Extracted records

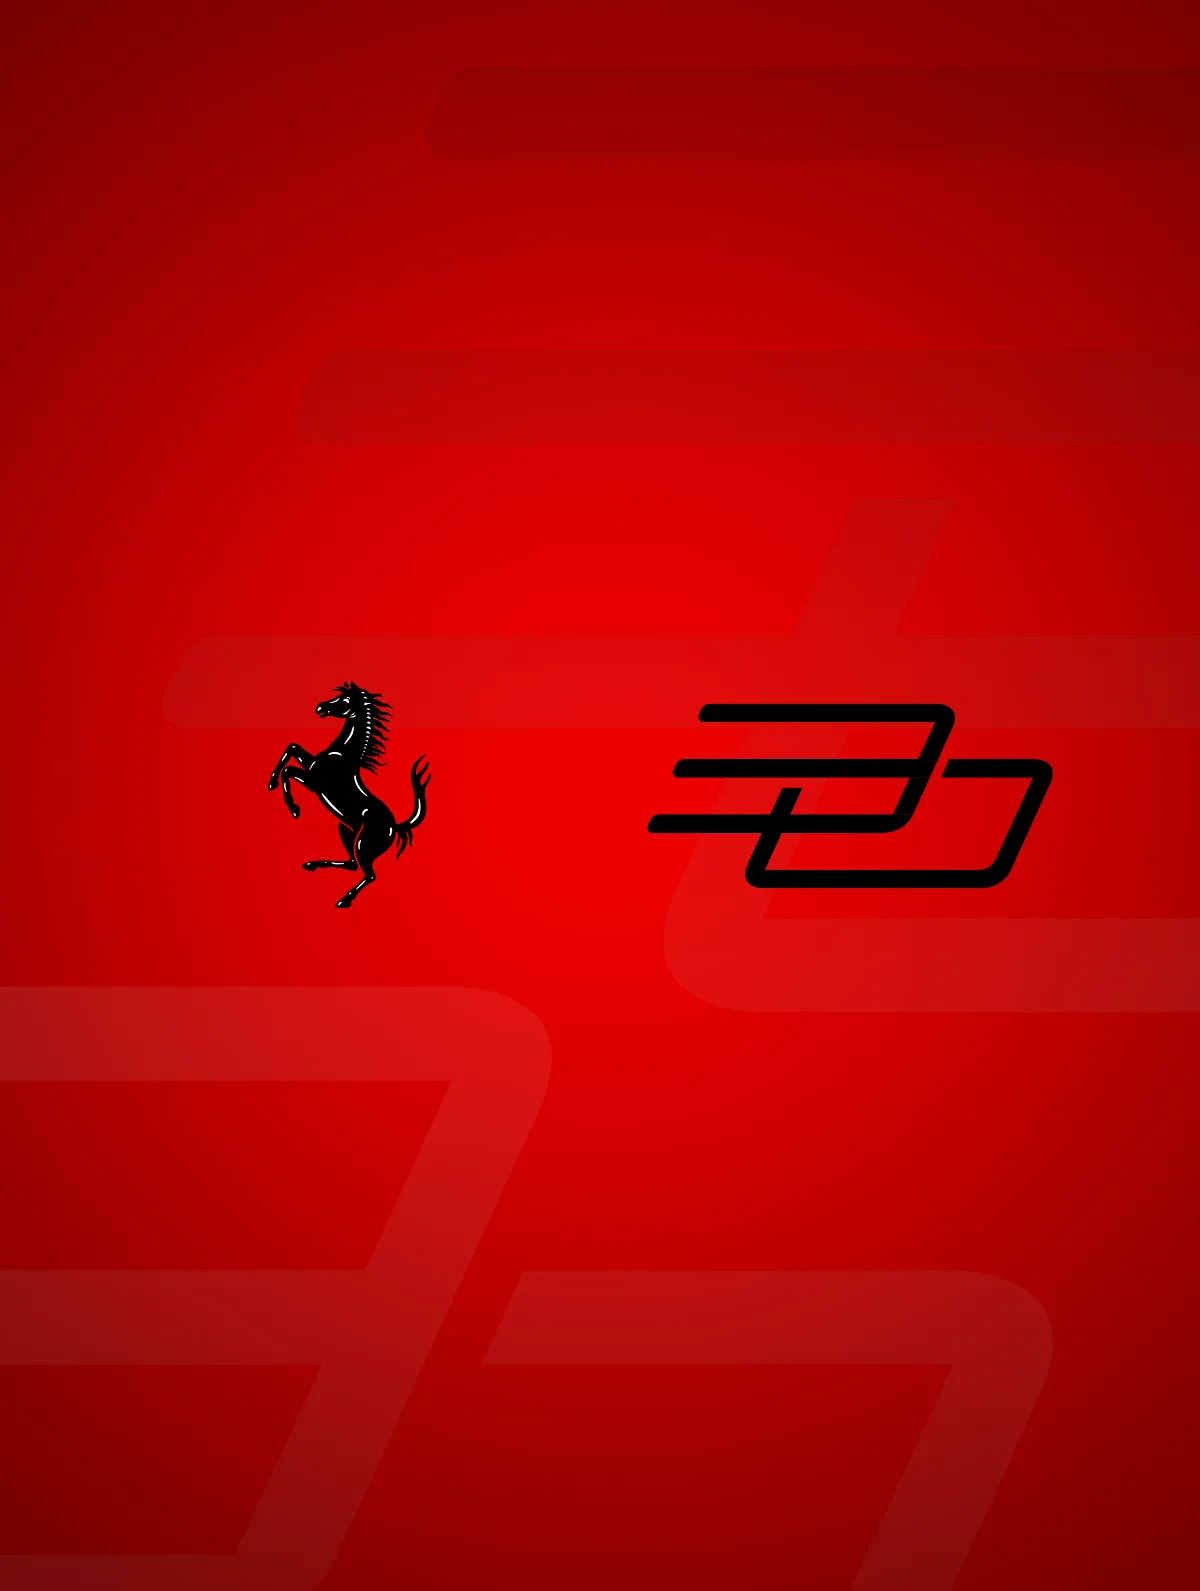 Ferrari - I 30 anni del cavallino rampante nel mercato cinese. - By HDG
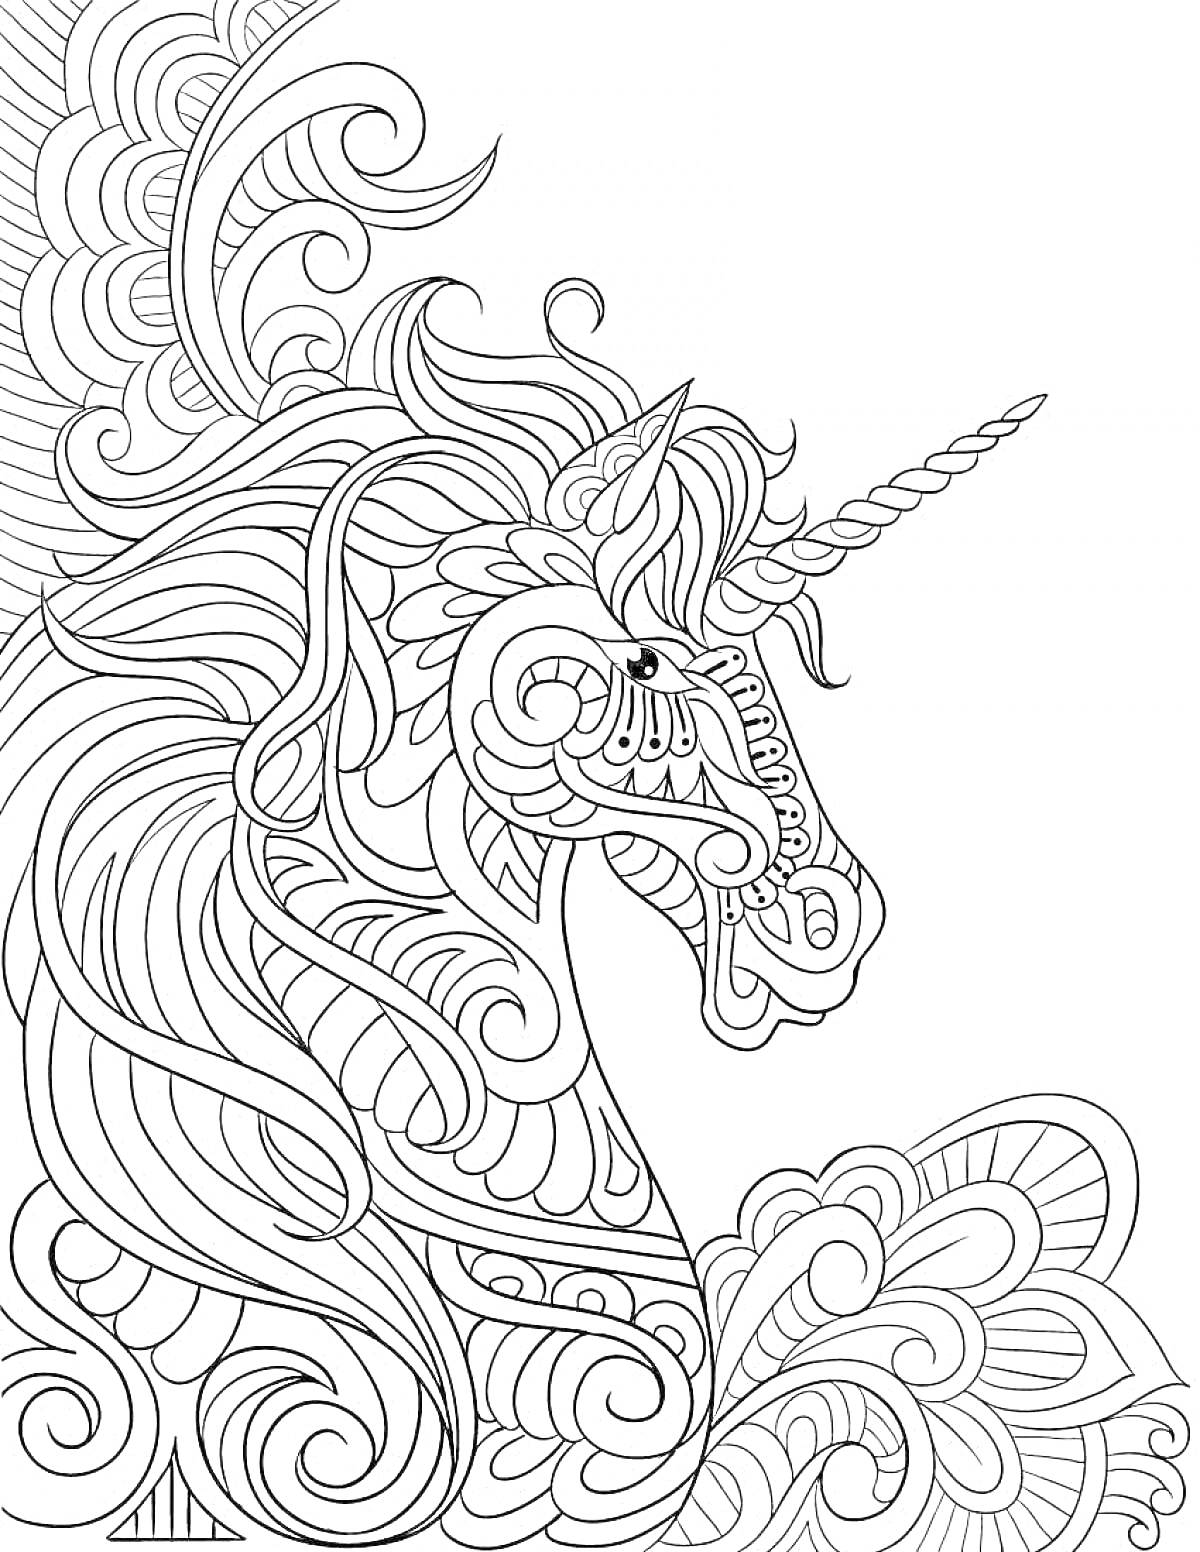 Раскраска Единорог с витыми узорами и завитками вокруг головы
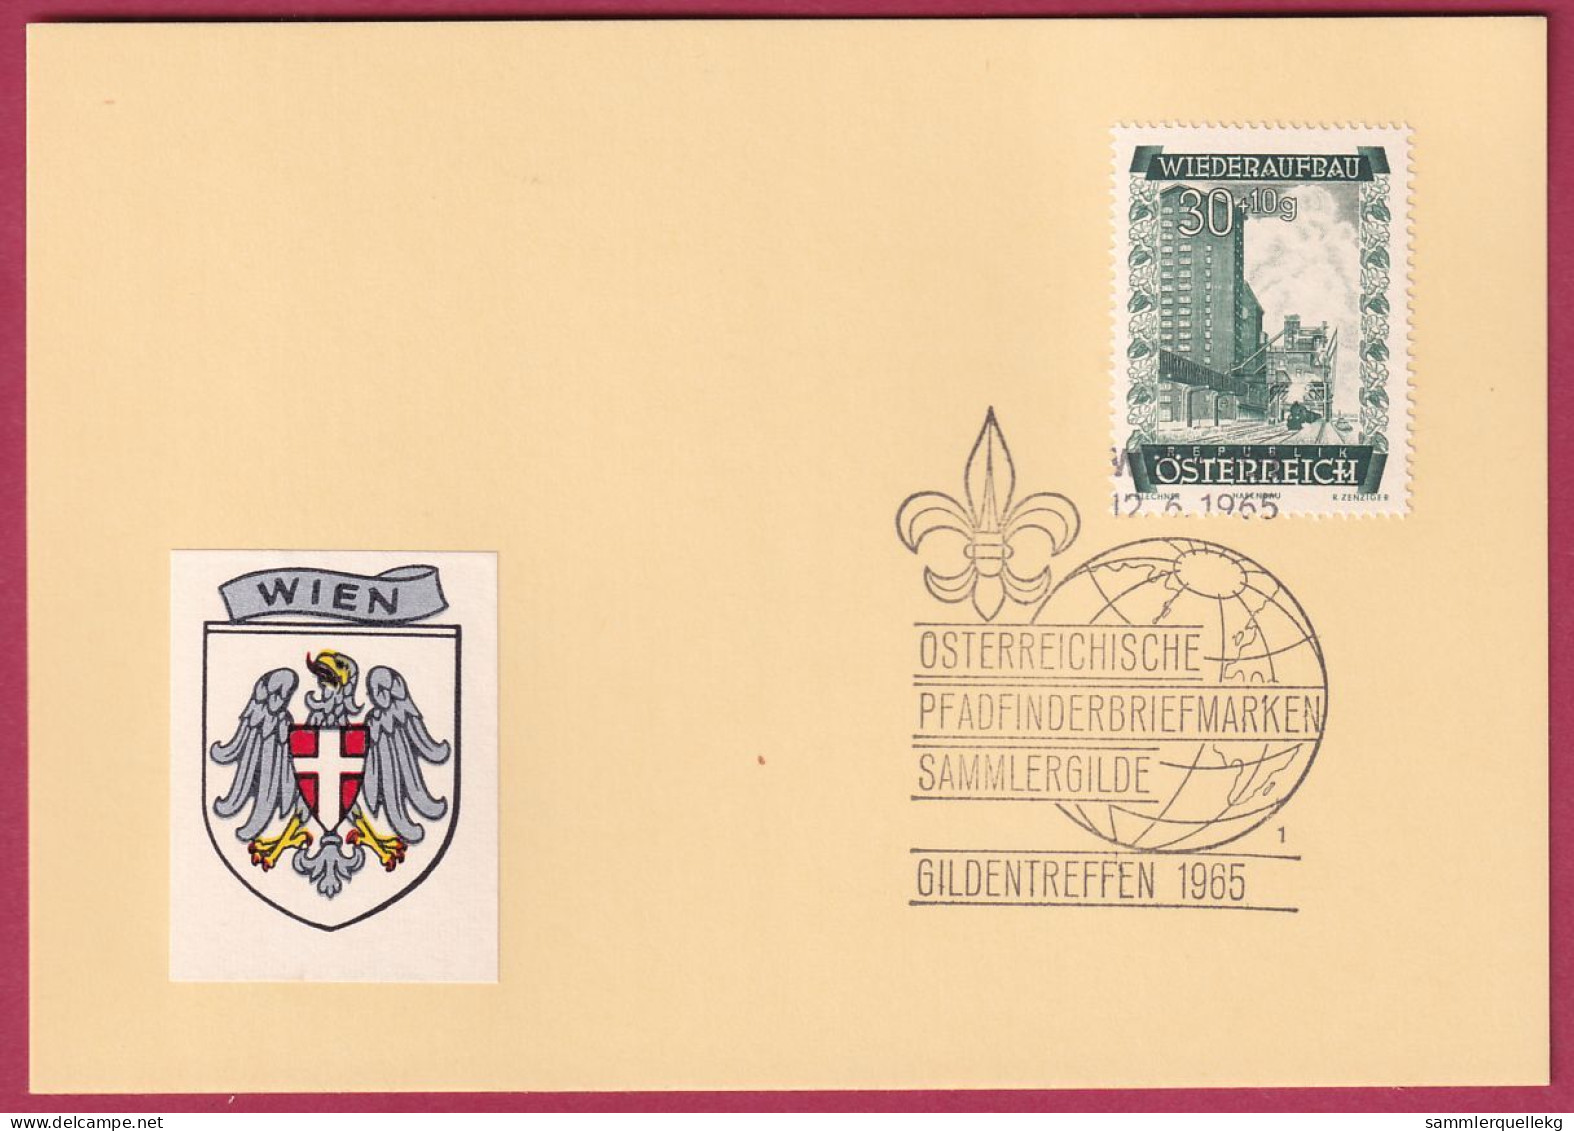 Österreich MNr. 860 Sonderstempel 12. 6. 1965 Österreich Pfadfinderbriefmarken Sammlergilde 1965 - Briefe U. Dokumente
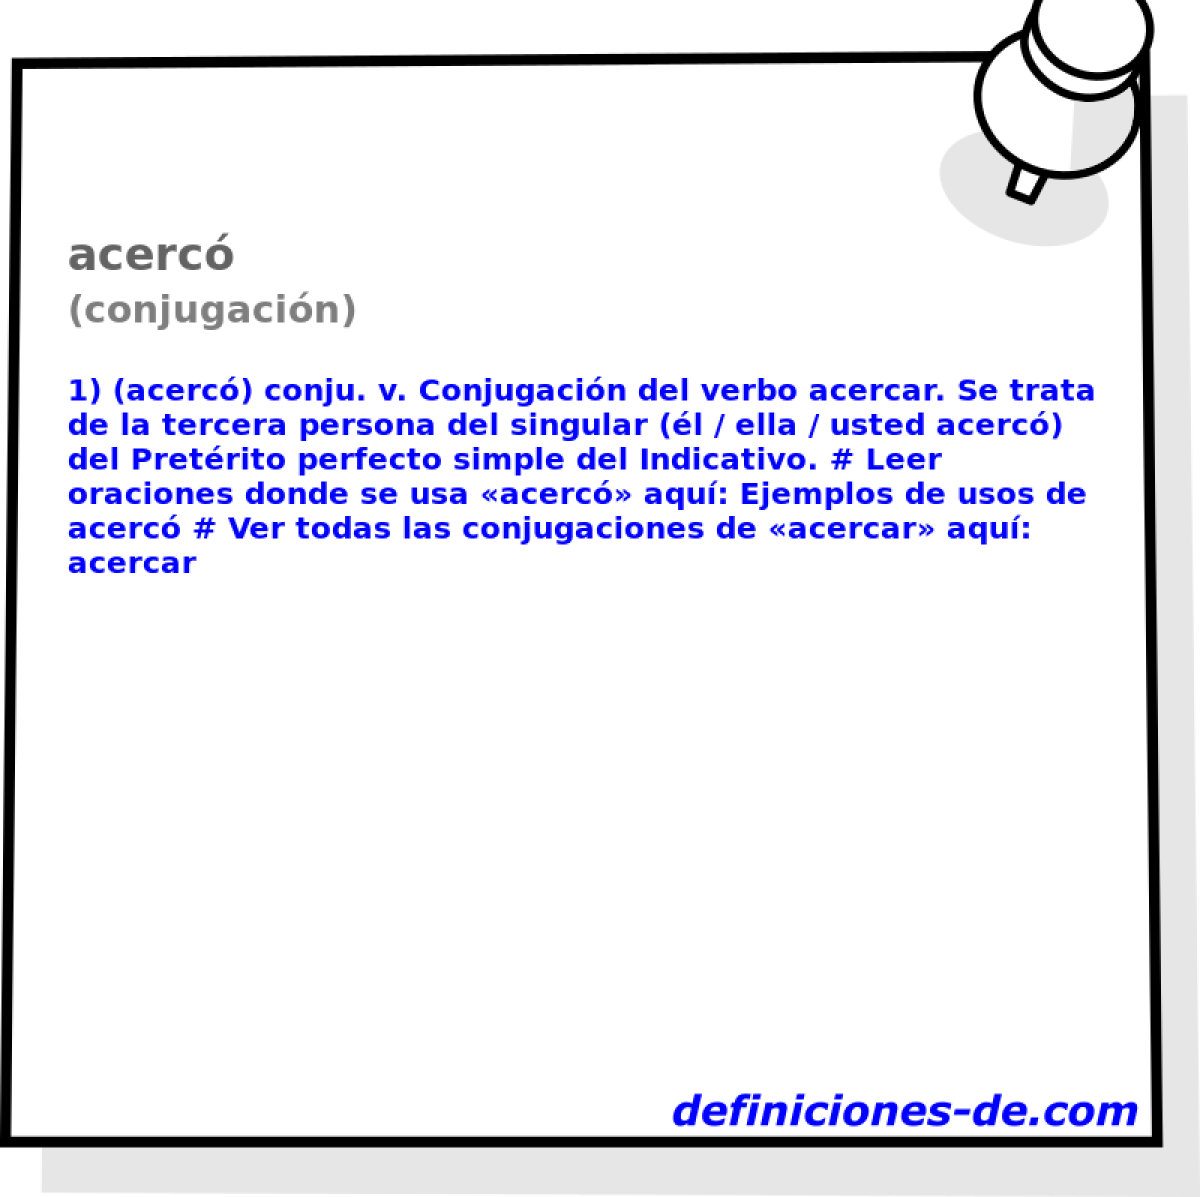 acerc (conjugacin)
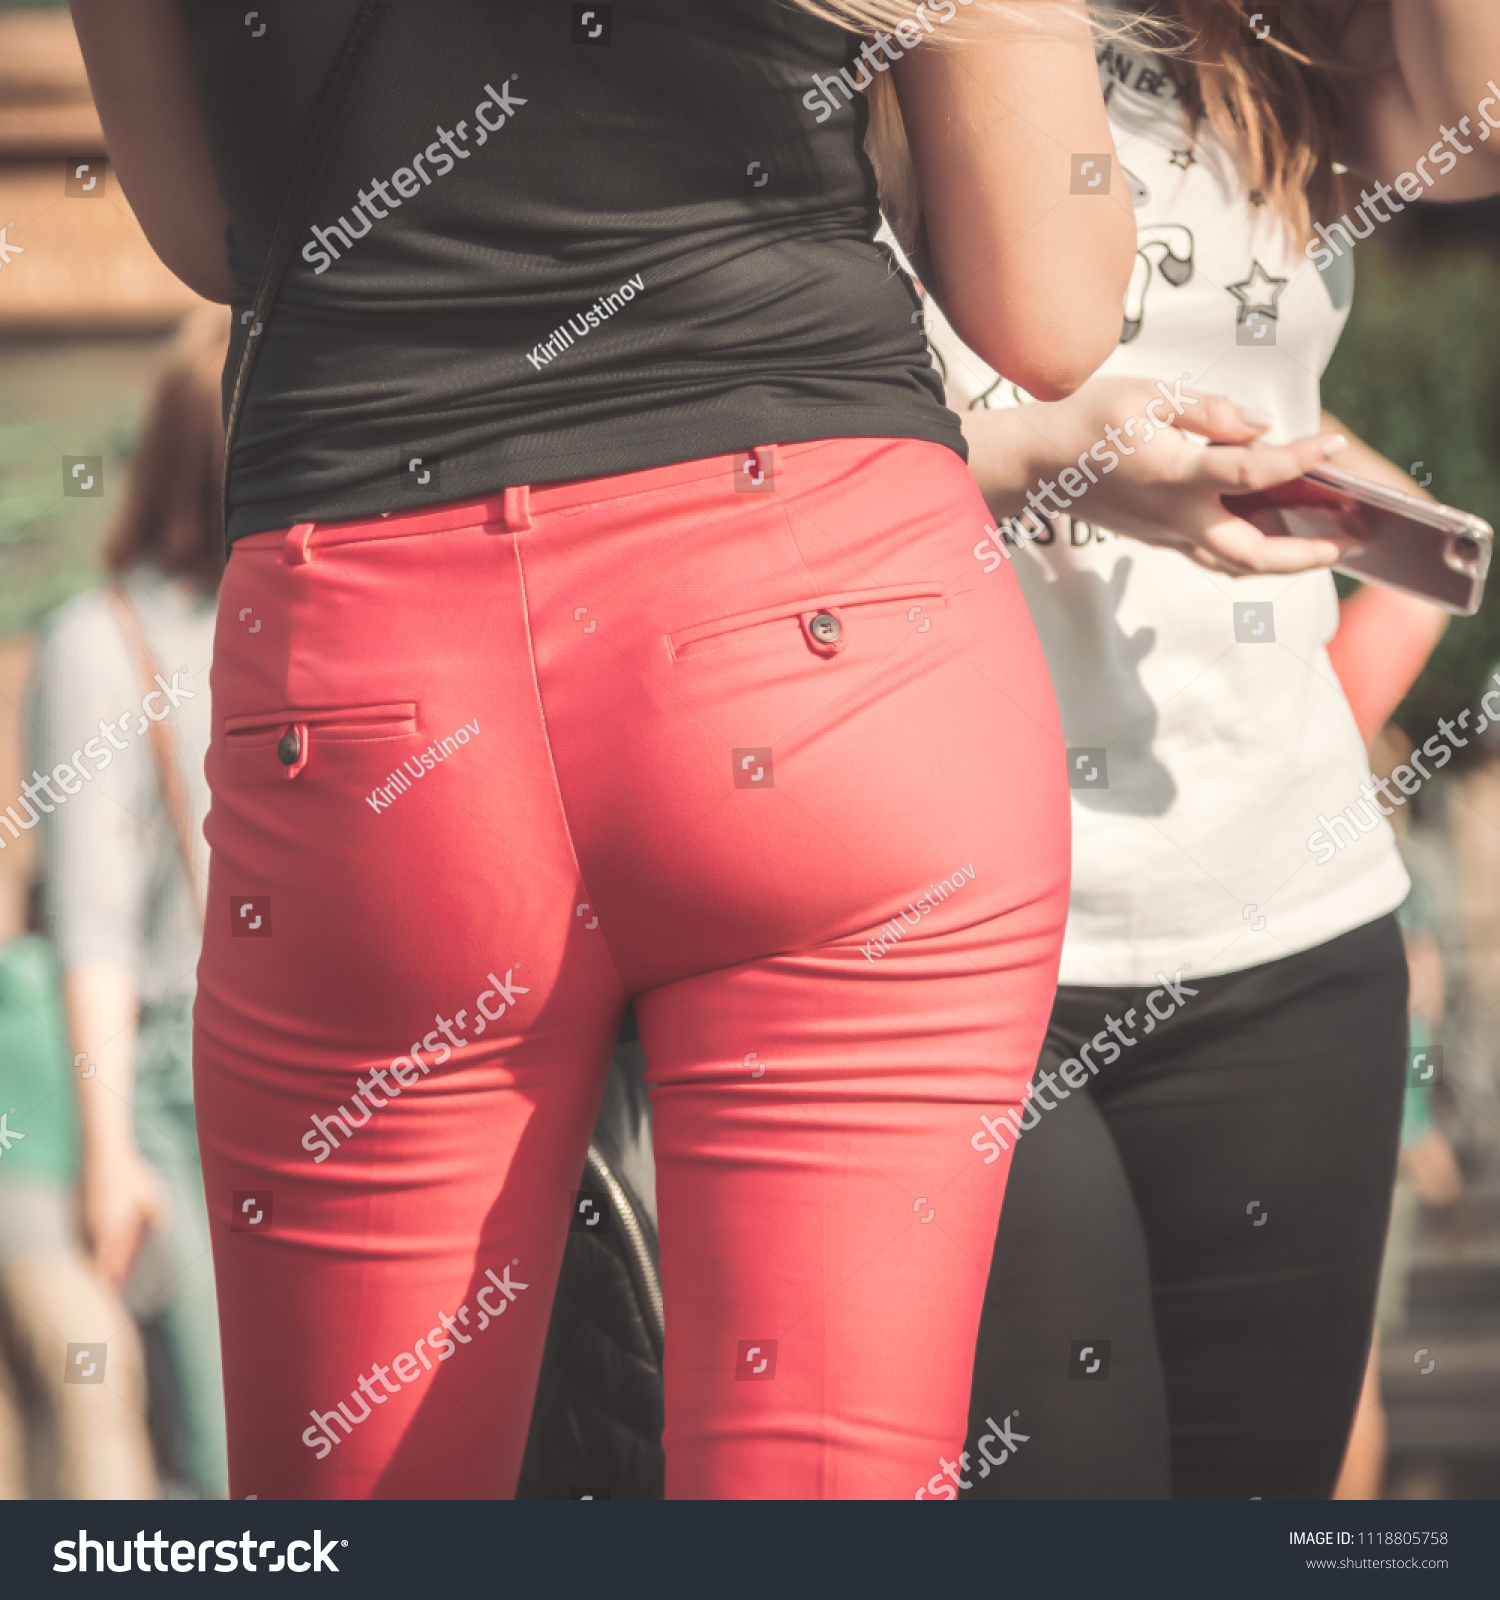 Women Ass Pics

WORK ITEM -> Your copy must reproduce the entries above in full, without their pictures.

TASK OUTPUT ->
 Ferrari - I 30 anni del cavallino rampante nel mercato cinese. - By HDG
 Раскраска Единорог с витыми узорами и завитками вокруг головы
 Österreich MNr. 860 Sonderstempel 12. 6. 1965 Österreich Pfadfinderbriefmarken Sammlergilde 1965 - Briefe U. Dokumente
 acerc (conjugacin)
 Women Ass Pics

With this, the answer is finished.